No Tribunal Judicial de Penafiel, ..º Juízo, nos autos de inventário para partilha de bens em consequência de divórcio que nele pende termos sob o nº. …/02, em que é requerente B…….. e requerido C……., veio a fls. 566, em 28/3/05, a solicitadora de Execução D……. requerer a penhora da meação no património comum a partilhar do requerido C…… ordenada nos autos de execução nº. …./04, ….º Juízo, contra ele instaurada e para pagamento da quantia de 12.051,14 € - v. fls. 22 (566 dos autos principais, ordem que se seguirá nas citações seguintes).
Tal requerimento foi deferido pela Mm. Juíza ordenando a penhora da meação que venha a caber ao Requerido “ou a quantia de tornas que venha a ter direito”, com conhecimento às partes e a todos os interessados, datado de 06/10/2005 – v. fls. 23 -568.
Notificado desta decisão, veio o requerido C……. requerer que fosse indeferido o pedido de penhora da sua meação e substituído o despacho que a ordenou, nos termos e com os fundamentos que exarou no respectivo requerimento datado de 28/10/05 – v. fls. 24 e 25 – 621 e 622.
Tal requerimento foi indeferido, designadamente, por não competir no inventário para reparação de meações para se decidir das dívidas do cabeça de casal, no qual se concretiza a penhora ordenada em outros autos – v. fls. 26-625.
Destes despachos, de fls. 568 e 625, veio o cabeça de casal e requerido C……. a interpor recurso que, no entender dele, deveria ser processado como de agravo, com subida diferida, nos próprios autos e com efeito devolutivo – fls. 27, 28 e 29 – 634, 665 e 666.
A Mm. Juíza não admitiu o recurso do despacho de fls. 568 por ser extemporâneo, por ter transitado em julgado em 24/10/2005 mas admitiu o recurso do despacho de fls. 625, embora com dúvidas e à cautela, como de agravo, a subir com o primeiro recurso que haja de subir e com efeito meramente devolutivo – v. f. 31-637.
Veio o cabeça de casal C……. a apresentar as suas alegações do recurso que foi recebido e a deduzir reclamação, ao abrigo do disposto no art. 688º do CPC, do que não o foi – v. fls. 34-704 e 39-6…

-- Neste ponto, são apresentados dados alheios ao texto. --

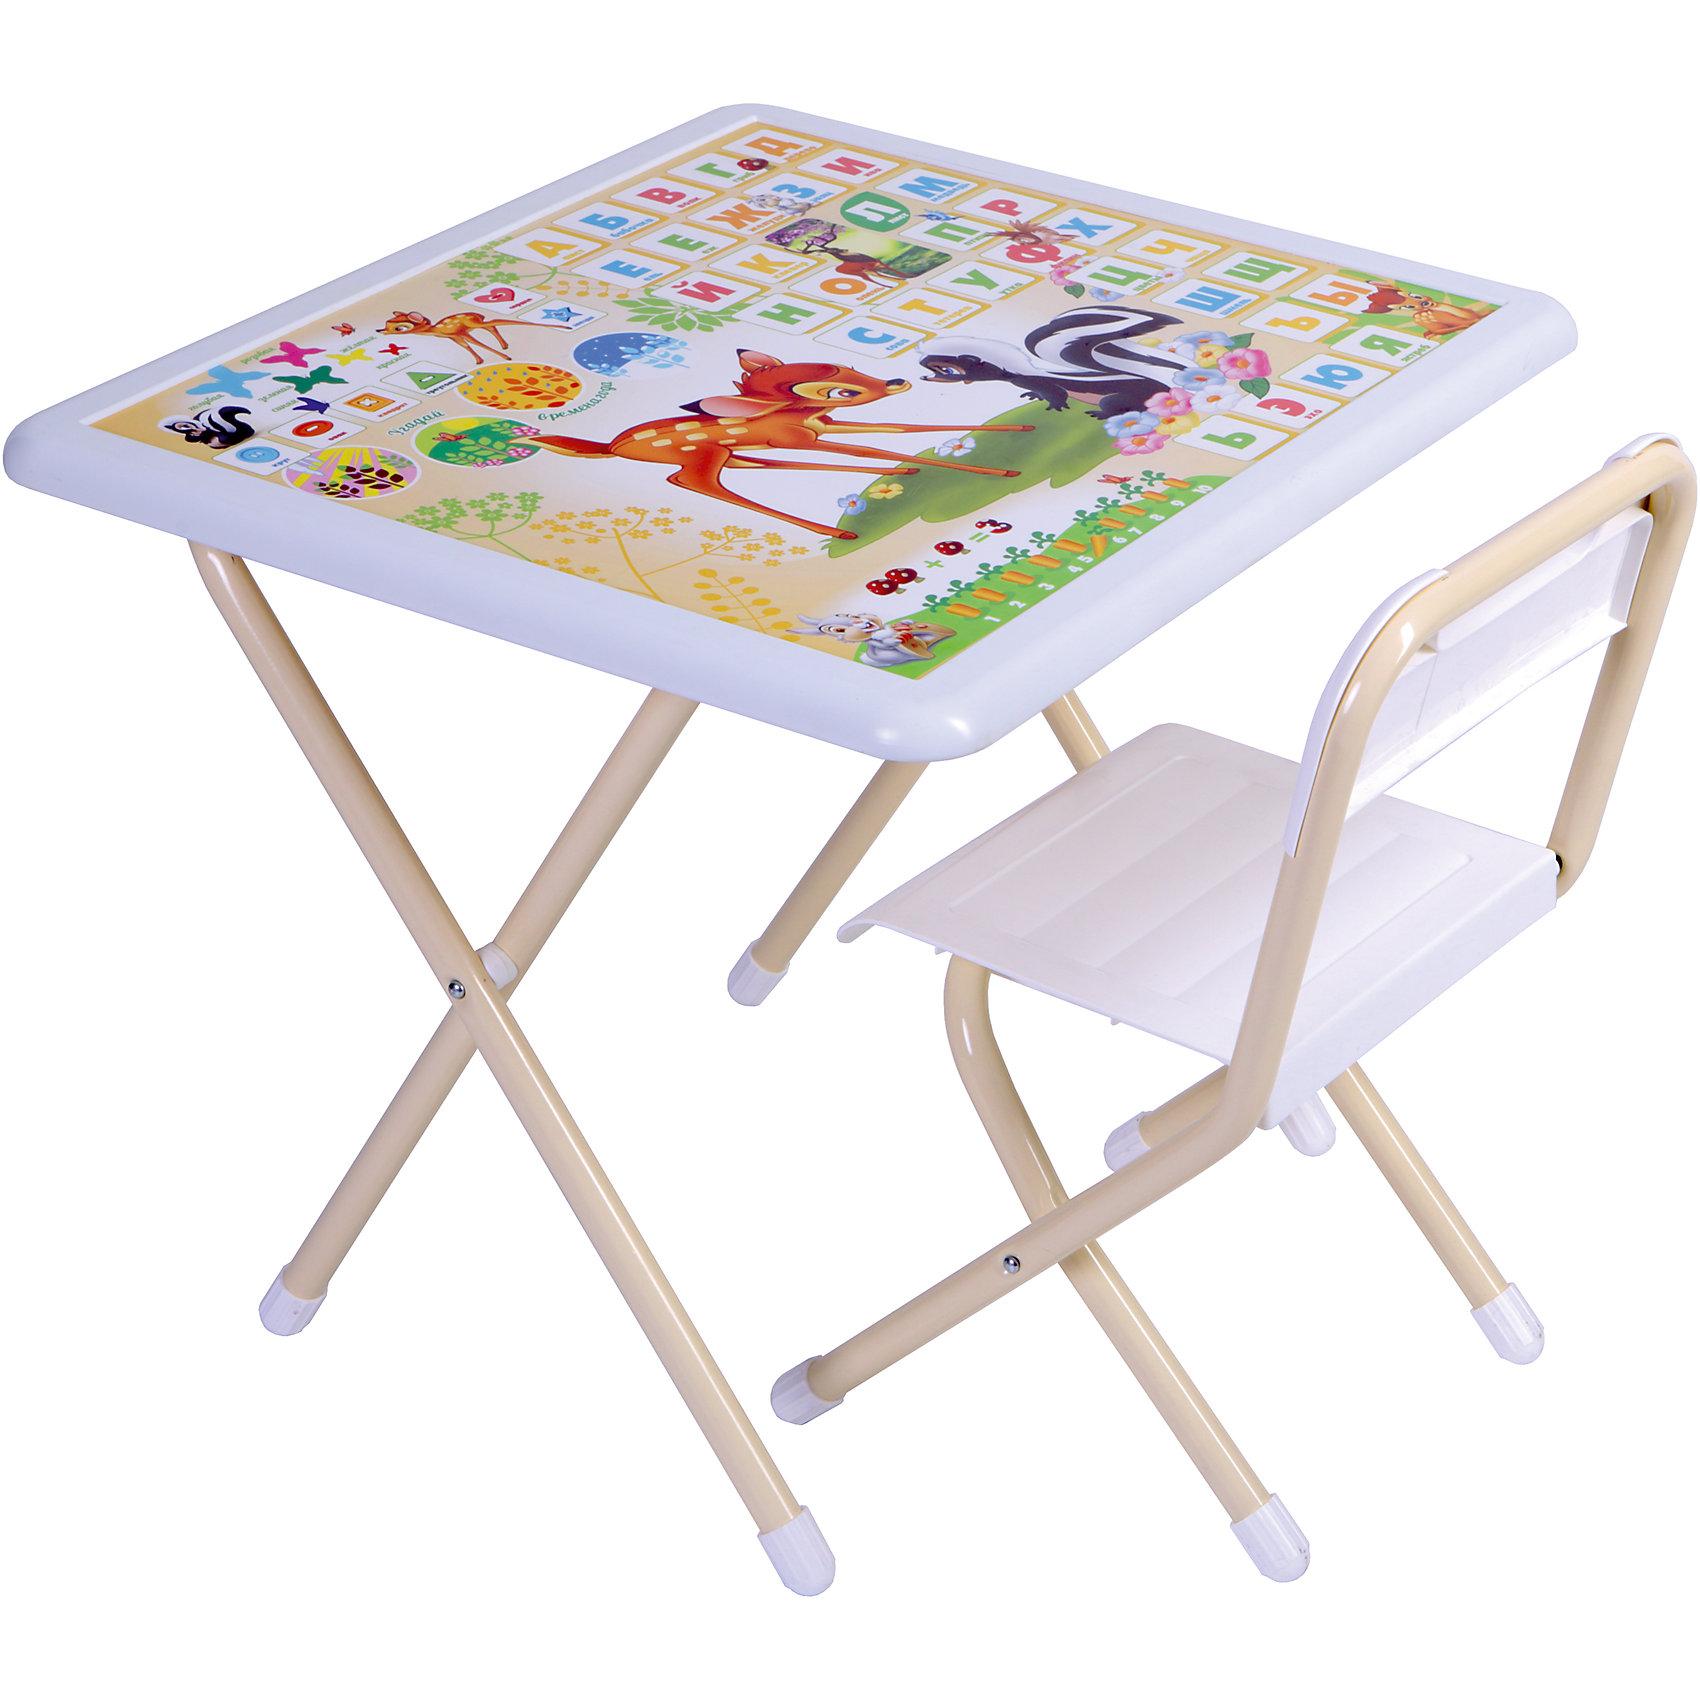 Набор мебели БэмбиНабор мебели Бэмби – это полностью оборудованное место для творчества и занятий вашего малыша.<br>Набор складной детской мебели Бэмби предназначен для детей от 1,5 до 7 лет. Ее легко развернуть и так же легко убрать. Чтобы свернуть рабочее место, нужно всего лишь сложить ножки стола и стула – и поместить набор вдоль стены или в шкаф. Мебель сделана из пластика (столешница, спинка, сиденье) и металла (ножки). По периметру столешницы расположен пластмассовый бампер с закругленными углами, который обеспечивает комфорт и безопасность во время работы. На ножках стола и стула – пластмассовые заглушки. Мебель спроектирована при участии врачей-ортопедов, поэтому занятия для ребенка проходят с комфортом. Он держит спину ровно и правильно распределяет нагрузку на позвоночник благодаря слегка отклоненной спинке стула. Расстояние от глаз до учебных материалов на столе также является оптимальным. На столешнице красуются не только главные герои мультфильма «Бэмби», но и веселые развивающие шпаргалки! Ребенок изучит алфавит и цифры, познакомится с геометрическими фигурами и цветами, временами года. Набор мебели обеспечит вашему ребенку занятия учебой и творчеством в наиболее удобной обстановке. Можно использовать как место для кормления.<br><br>Дополнительная информация:<br><br>- В комплекте: стол, стул, руководство по эксплуатации<br>- Комплект предназначен для детей ростом 115-130 см.<br>- Максимальная нагрузка на стул: 30 кг.<br>- Материал: пластик, металл<br>- Цвет: белый<br>- Размер столешницы: 650х555 мм.<br>- Высота от пола: 515 мм.<br>- Размер сиденья стула: 340х360 мм.<br>- Высота сиденья от пола: 345 мм.<br>- Упаковка: картонная коробка<br>- Размер упаковки: 150х740х650 мм.<br>- Вес: 7,7 кг.<br><br>Набор мебели Бэмби можно купить в нашем интернет-магазине.<br><br>Ширина мм: 74<br>Глубина мм: 64<br>Высота мм: 15<br>Вес г: 7500<br>Возраст от месяцев: -2147483648<br>Возраст до месяцев: 2147483647<br>Пол: Унисекс<br>Возраст: Детский<br>SKU: 4589689

Anteriormente, a Mm Juíza não recebeu o recurso do despacho que rejeitara o recurso interposto do despacho que o julgou intempestivo por dela apenas poder caber reclamação – v. fls. 40 – 672.
No seguimento, nos termos do nº.5 do citado art. 688º, veio o recorrente C…… deduzir nova reclamação para o Presidente do Tribunal da Relação da área do não recebimento do seu recurso do despacho que o rejeitara por extemporâneo como atrás foi referido.
Tal reclamação foi admitida e o Reclamante dirigiu-nos alegações a expor as razões que justificam o recebimento desse recurso nos quais terminou com as seguintes conclusões:
“O recurso interposto a fls. 664 dos autos, deveria ter seguido, sob forma de reclamação, os trâmites previstos no art. 688º nº.1 e seguintes do CPC;
Pelo que o despacho proferido a fls. 672 dos autos, de não admissão de tal recurso por inadmissibilidade legal, contraria o estabelecido no nº.5 do artigo 688º do CPC.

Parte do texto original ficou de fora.